Around 1917, Gilbert Méténier, an experienced ceramist, created the Grès d'Art Méténier company in Gannat with his father Louis.

After the death of his father, on May 10, 1922, Gilbert Méténier developed the production of the factory more widely, which initially had a single oven which proved to be insufficient, then equipped itself with a second. These ovens were supplied with oak wood from the Colettes forest, which was stored near the ovens, in order to accelerate its drying.

According to comments collected from Madame Bérioux, an employee at the Méténier factory from 1928 to 1939, the workshop had eleven to thirteen workers of both sexes.

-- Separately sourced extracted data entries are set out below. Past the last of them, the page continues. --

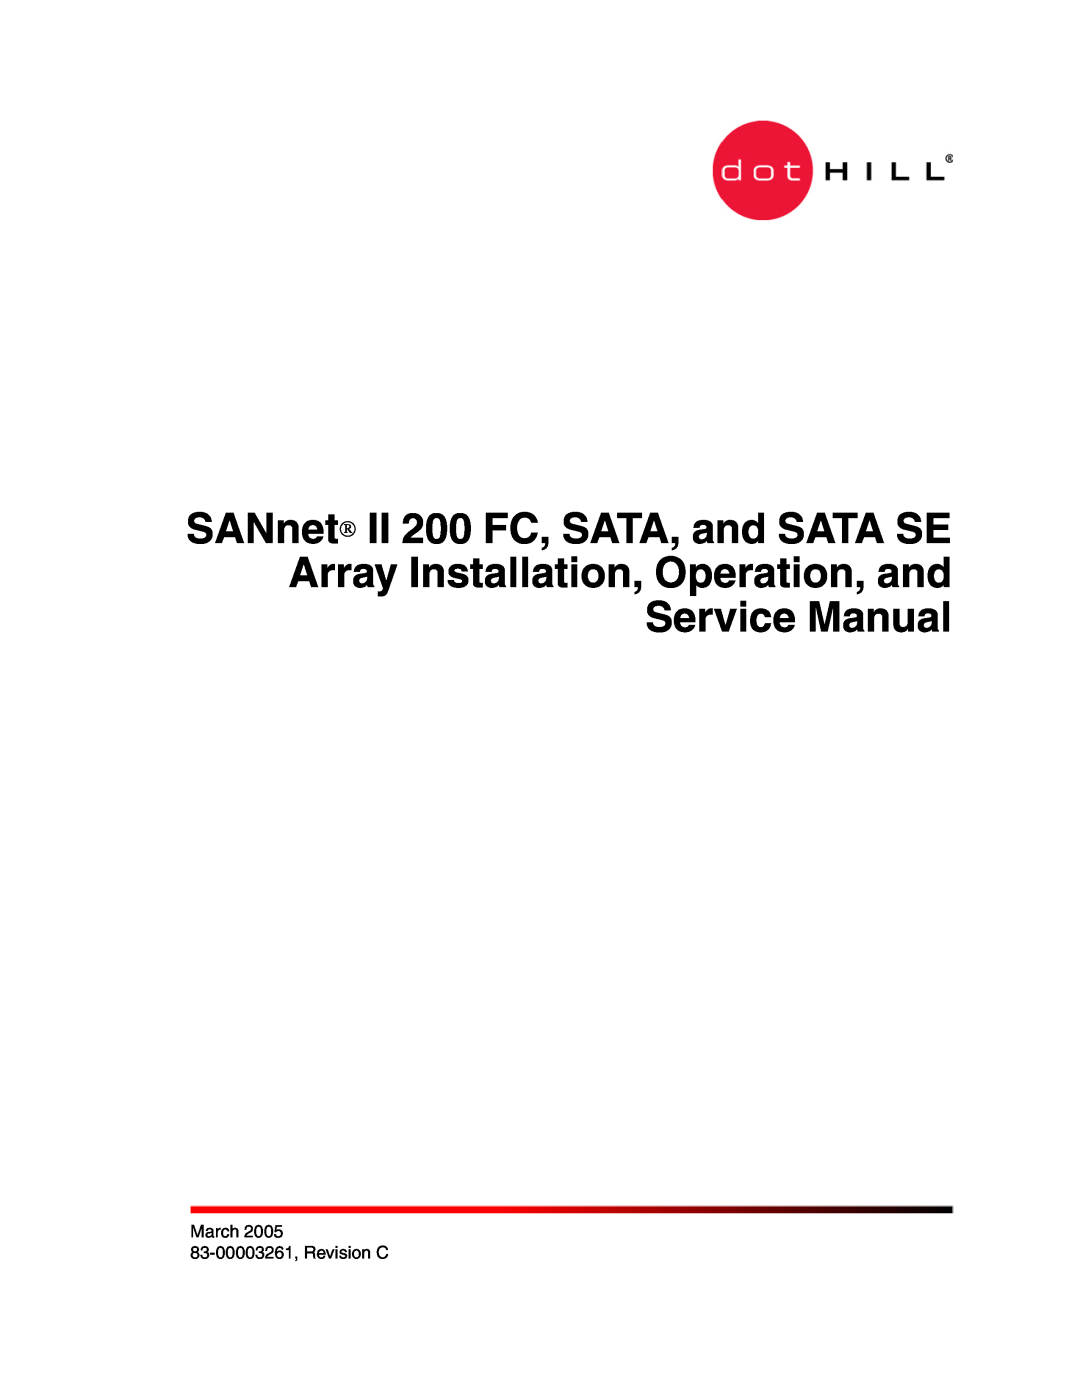 Dot Hill Systems service manual SANnet II 200 FC, SATA, and SATA SE, Array Installation, Operation, and Service Manual 
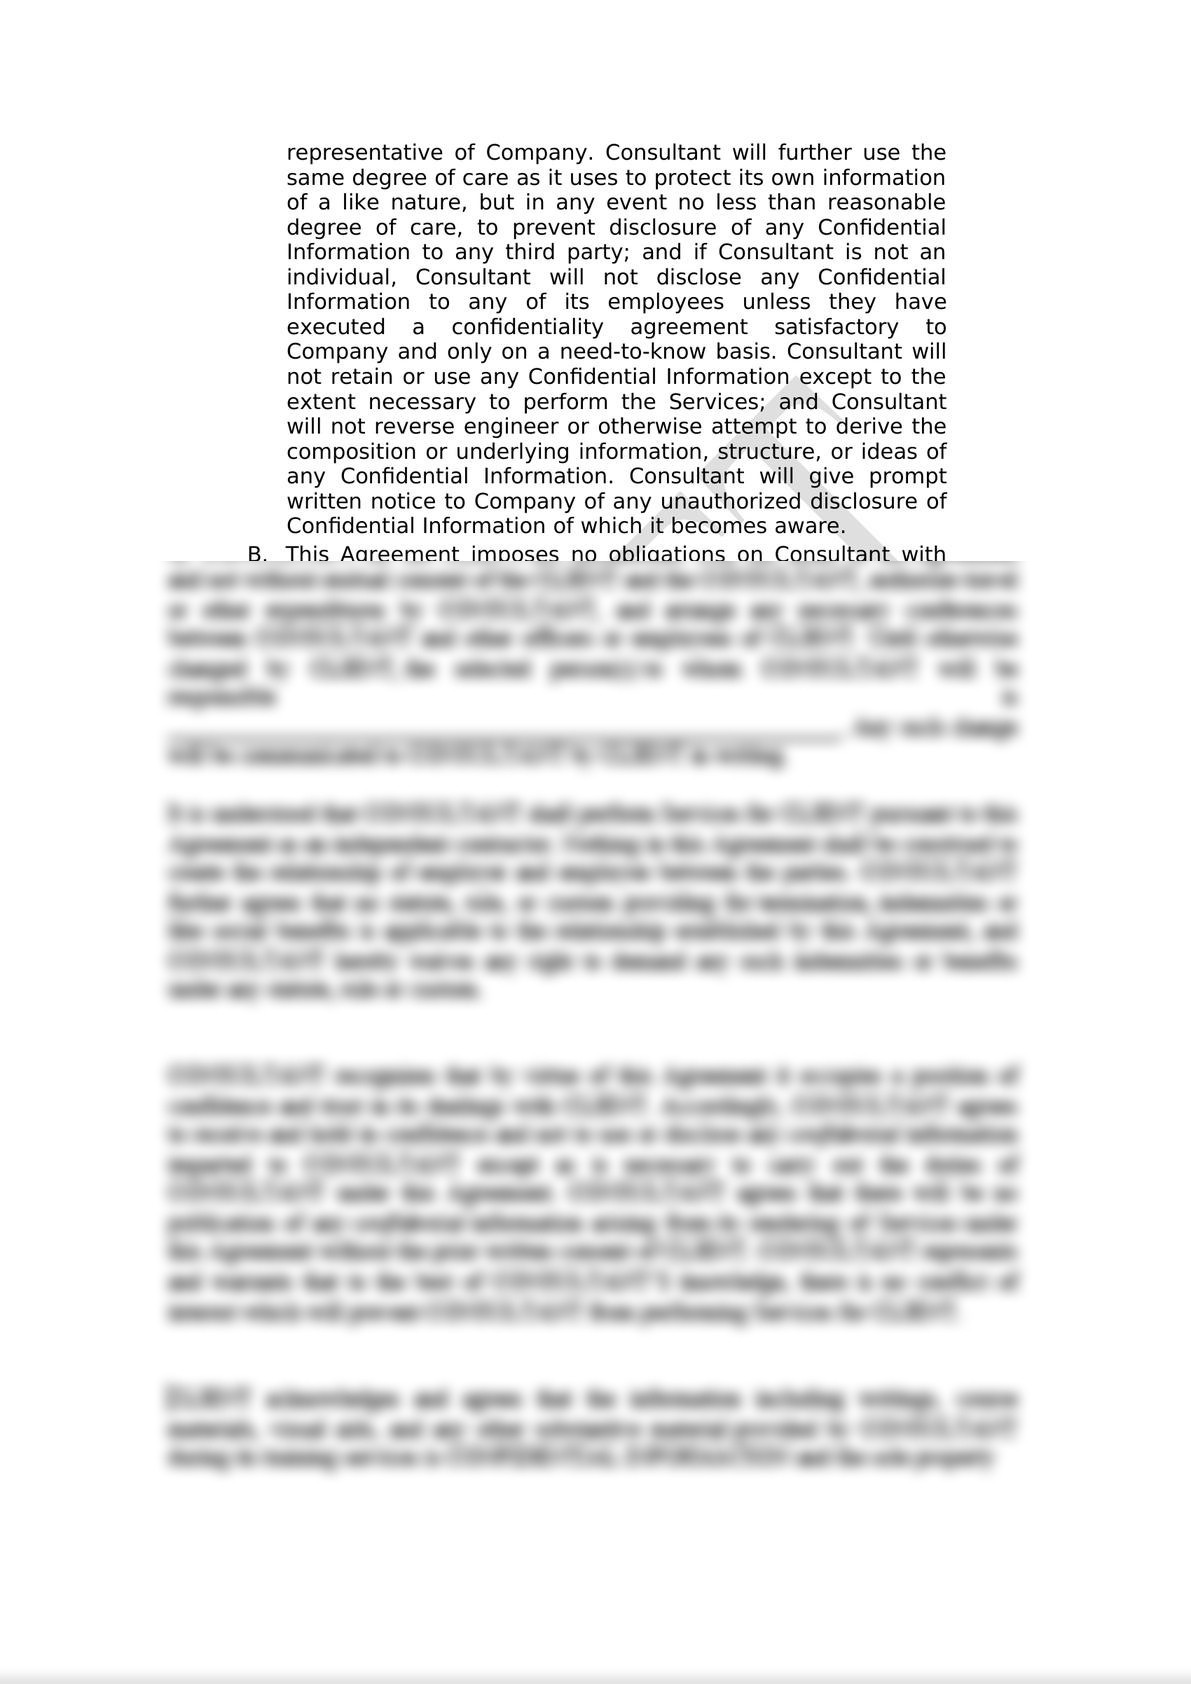 Consulting Agreement (IP Context)-3
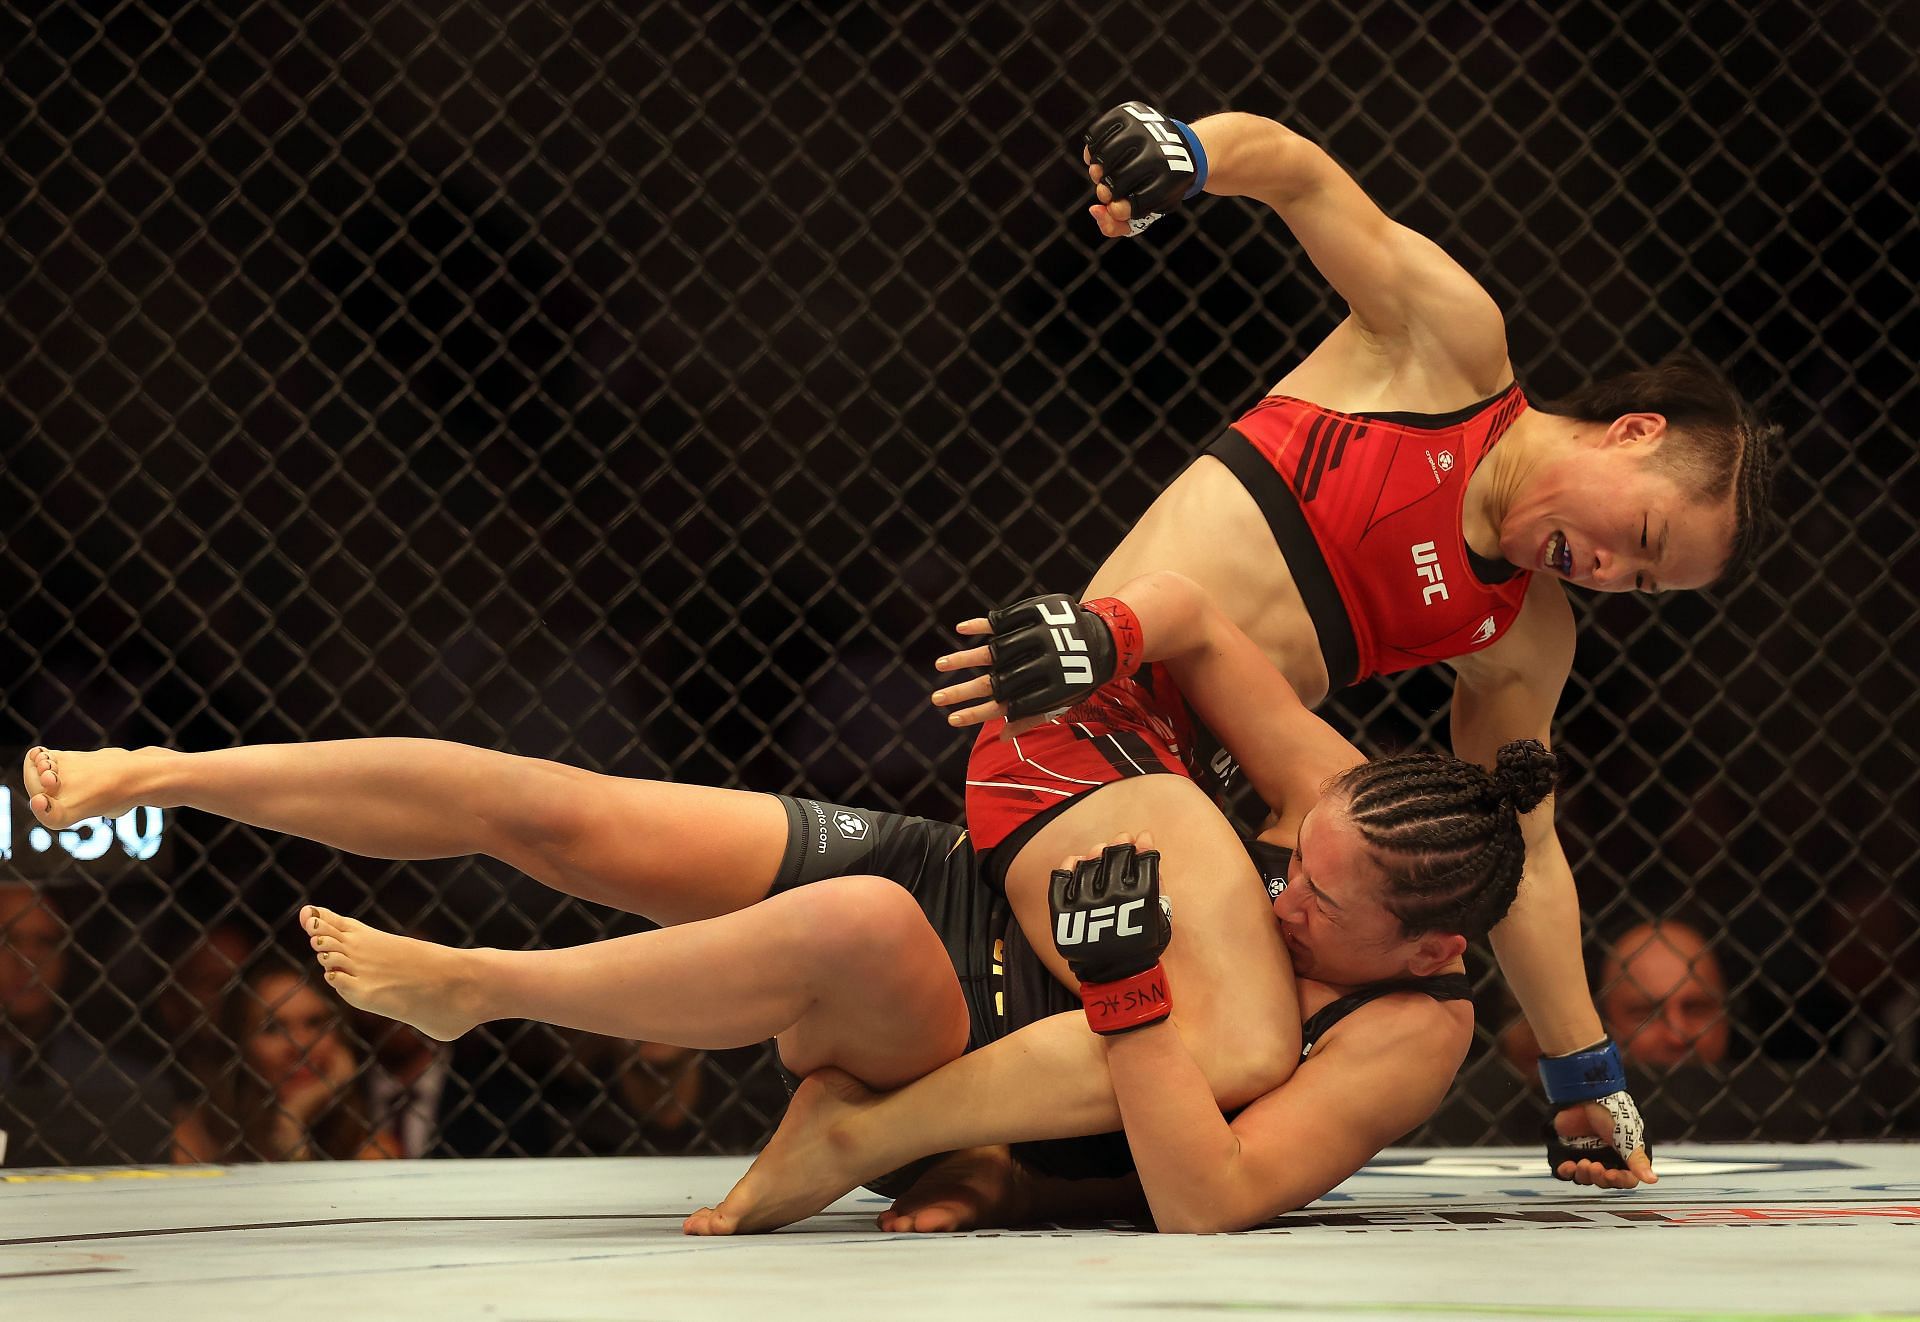 Weili Zhang will be hopeful of retaining her strawweight title this weekend

The clay came from the Echassières quarry, a site also rich in kaolin explaining the whiteness of its sandstone, which mixed with water produces a fine paste. First kneaded by the men, the paste transmitted to the manufacturing workshop, then to the molding workshop, where the casting was carried out in molds with parts. The raw forms were thus completely dried before firing. Still white, they had to be cleaned of all their roughness in the finishing workshop.

Then came the passage to the enameling workshop, carried out mainly with a brush, with metallic oxides supplied by Rhône-Poulenc. This stage was particularly followed, with that of the creation of the moulds, by Gilbert Méténier himself: "He lived his passion for enameling, the creation of colors, the firing of the work", still according to Madame Bérioux. Among the glazes used for Méténier stoneware, we find: copper oxide, which gives blue-green in oxidation and red in reduction, iron oxide, which gives brown-black in oxidation and gray going from blue to green, in reduction.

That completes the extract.